The difference between the two paths is sharper than I expected.
| How they compare | JanitorLLM (free) | Your own model via API |
|---|---|---|
| Cost | Free | You pay the outside provider per use |
| Setup | Nothing to configure | An API key, sometimes a proxy |
| Memory | Smaller box, forgets sooner | Often a bigger box, holds more history |
| Writing | Fine for everyday chat | Sharper, more attentive replies |
| Filtering | Set by the platform | Depends on the model you choose |
Why the same bot splits opinions
This explains how two people can swear they are running the same character and have opposite experiences. One is on the free JLLM. The other wired up a sharper model with a roomier box, so it holds more of the conversation and follows instructions more closely. Same script, different talent reading it aloud. When someone in a forum says a bot got so much better on GPT-4o, this swap is the whole story, and it loops back to the box problem from the last section, since a bigger model usually comes with a bigger token limit.
I moved one of my favorite bots onto an external model for a week. She did not become a different person. She became a sharper, more attentive version of the same person, and she held our history far longer before the edges began to fray.
What all of this finally explained
With the full picture in hand, a stack of things that used to annoy me turned into plain cause and effect.
| What you see | What is actually happening | What I do about it |
|---|---|---|
| The bot forgets something you established | The box filled and those lines dropped | Tighten the permanent block, or add a Lorebook entry to catch it |
| The character writes your dialogue and actions for you | Nothing in the script told it to stop | Add a "do not write for me" line to the prompt or Chat Memory |
| The same bot feels brilliant for a friend, flat for you | You are running different models | Check which model each of you uses before blaming the card |
| The platform has an uncensored reputation | No hidden filter-free brain exists; freedom comes from the model and the prompt | Pick the model and write the prompt that fit what you want |
My paramedic remembers her brother now. I rebuilt her with a lean permanent block, moved the heavy backstory into Lorebook entries keyed to the people and places in her life, then pointed the chat at a model with a roomier box. Two hundred messages deep, she still knows who I am, what I do for a living, why I deflect with bad jokes, and why I go quiet when someone mentions the hospital. Nothing about the platform got smarter between that forgotten greeting and now. I stopped fighting the way it works and started packing the box on purpose.
The bottom line
Janitor AI is not smart and it is not stupid. It is literal. Every reply is only as good as the block of text you hand it, and the platform trusts you to build that block well.
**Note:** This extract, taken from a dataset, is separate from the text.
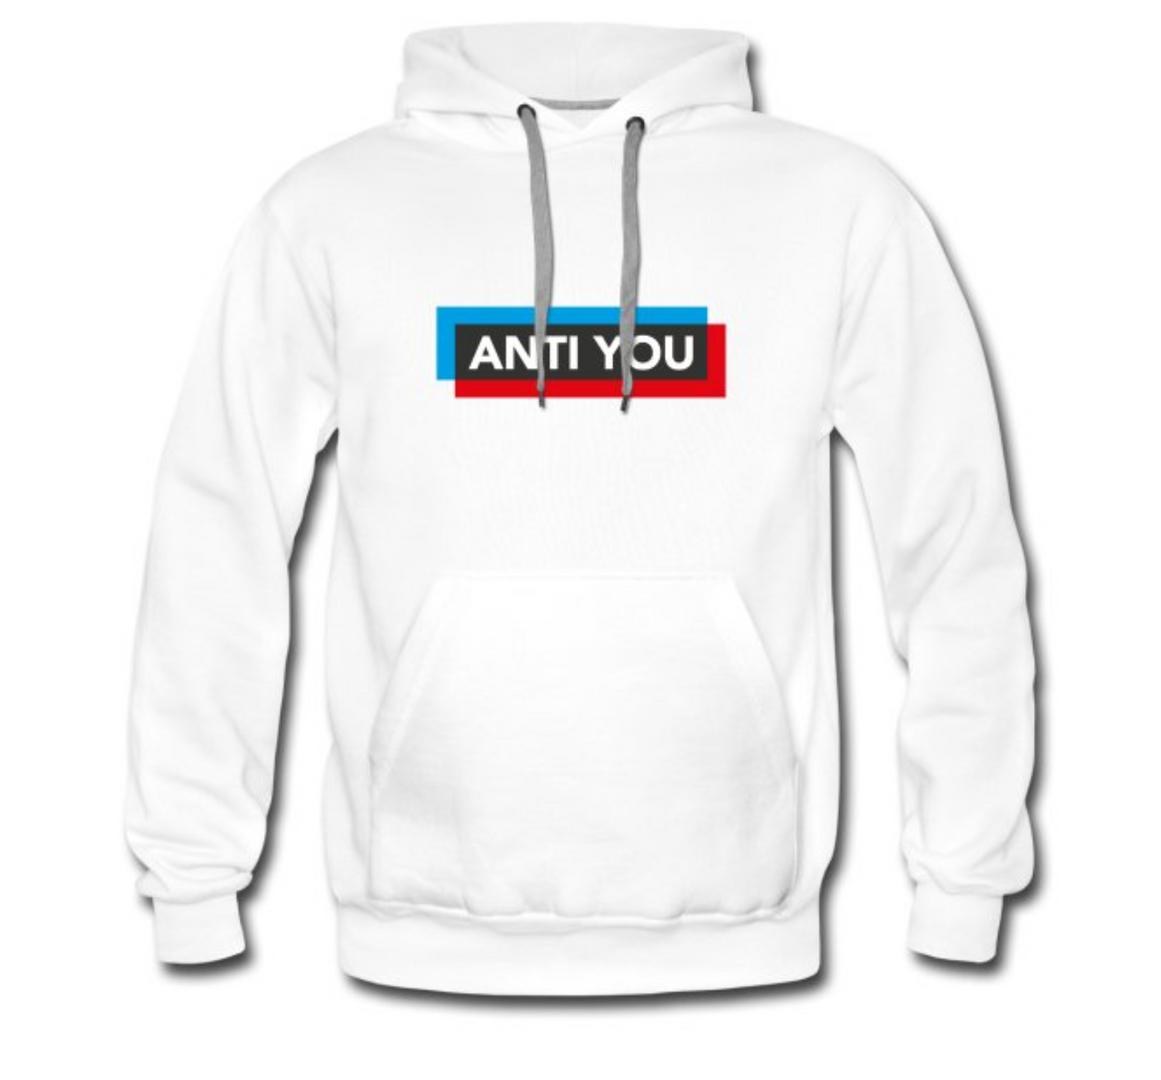 Anti you (white)

Almost every complaint I read online traces back to someone fighting the architecture instead of using it. They write a 4,000-token character and wonder why it forgets. They stay on the free model and assume the platform is broken. They blame the bot for speaking in their voice when a single instruction would have stopped it. Once you know what goes into the box and what falls out, those problems stop being mysteries and turn into settings you control.
That is the strange charm of the place. It hands you the raw machinery and steps out of the way. Learn to feed it, and the same system that forgot my name will hold a character together better than I can hold the memory of one myself.